Moving from logical to compressed storage will not impact your daily ingestion process. You can continue to ingest data into the same schemas as before.
The newly ingested data will belong to compressed storage. This is because compressed storage is the default storage type for new tables.
Here are some things to keep in mind when moving to compressed storage:
Compressed storage can save you up to 50% on storage costs.
Compressed storage can slightly increase query latency.
You cannot downgrade a table from compressed storage to logical storage.
There should be no latency changes when moving between managed logical and managed physical storage. It is only a billing flag that is being changed, no changes to the underlying data.
Also, you can change back and forth between logical and physical, although there is a 14 day waiting period between each change. This was a new change as of GA July 5.
Moving from logical storage to compressed storage in BigQuery should not directly impact your daily ingestion process. The change in storage type mainly affects how the data is stored and billed, rather than the ingestion process itself.
When you ingest new data into BigQuery, it will still be stored in the same tables within your schemas. However, the storage type of the new data will depend on the table configuration.
If you configure your tables to use compressed storage, any new data ingested will be stored in compressed format. The compressed storage type uses columnar storage and advanced compression techniques to reduce the amount of storage required. This can lead to cost savings, especially for data that has high redundancy or compressibility.
It’s worth noting that existing data in your tables will remain in logical storage unless you explicitly convert it to compressed storage.

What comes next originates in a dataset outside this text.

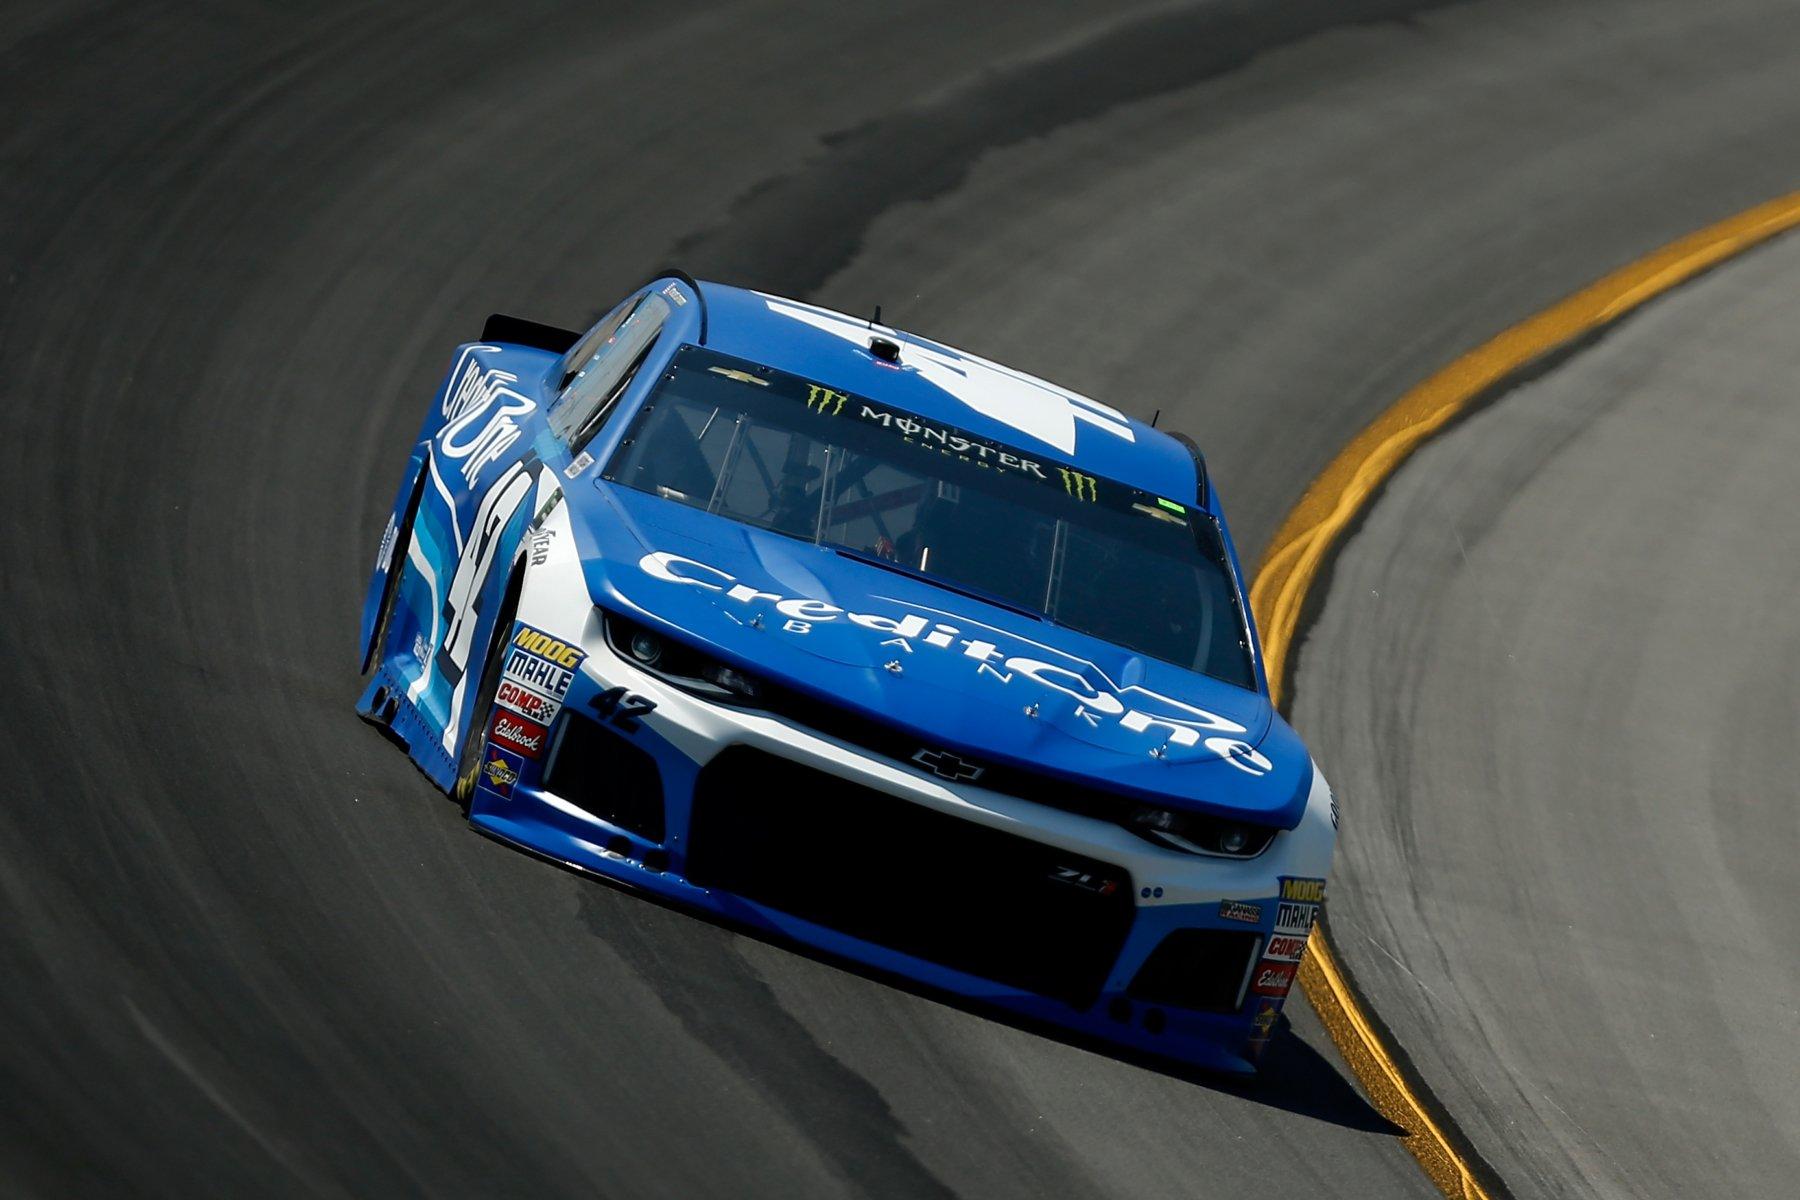 Kyle Larson at Kentucky Speedway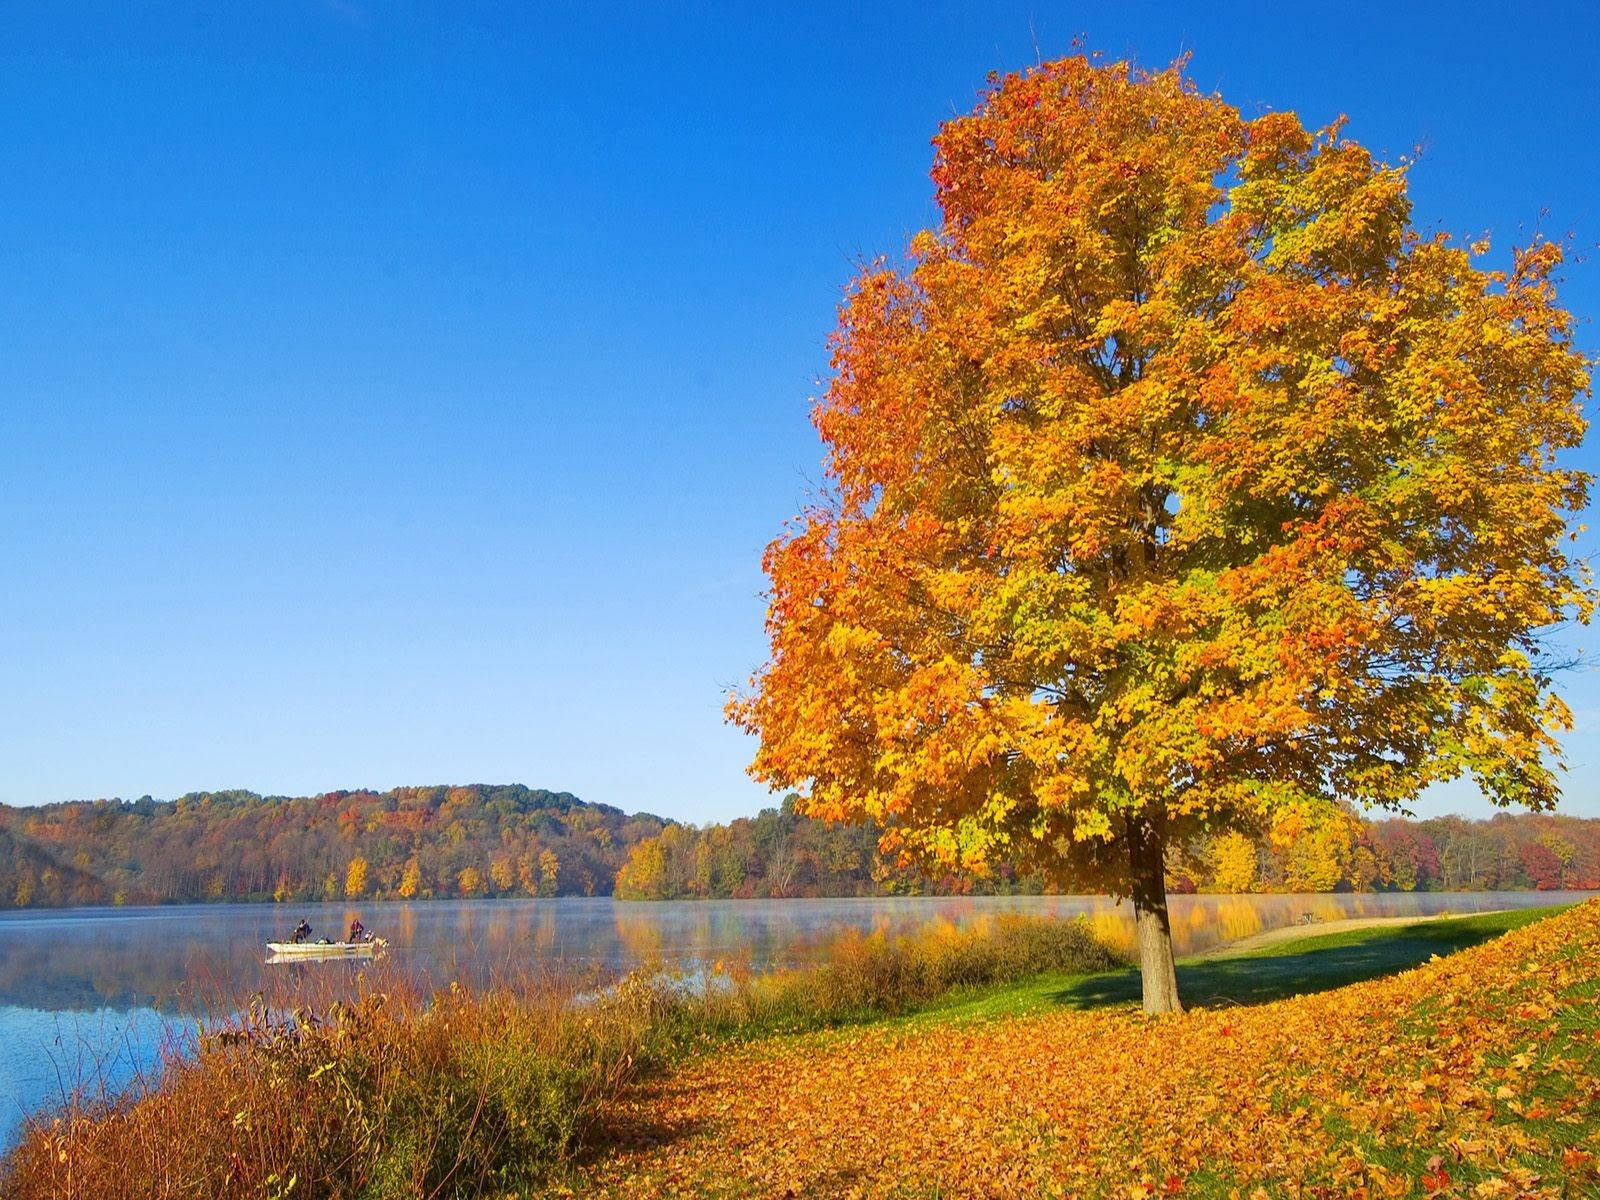 厚の秋の風景の壁紙 3 1600x1200 壁紙ダウンロード 厚の秋の風景

The storage type is determined at the table level, so you can have a mix of logical and compressed storage within the same dataset and schema.
To convert existing data from logical to compressed storage, you would need to create a new table with the desired compressed storage configuration and then copy the data from the logical storage table to the new compressed storage table. Once the data is copied, you can drop the original table if it’s no longer needed.
It’s recommended to thoroughly test the impact of the storage conversion on your specific workload and query patterns to ensure it meets your performance and cost requirements. If my advices did not help you, you can seek help from experts in Data Analytics https://tech-stack.com/services/big-data-and-analytics
Just to clarify and make a few corrections for BigQuery:
There is no impact on your daily ingestion process as mentioned. This is just a billing flag so there is no performance changes and no changes how you’d interact with the queries via API/SQL.
Is it common to see a delay in the billing information seen in the billing console reports? I enabled it across all datasets in a project 3 days ago but I had to wait 2 days before some (not all) bytes were reported as physical.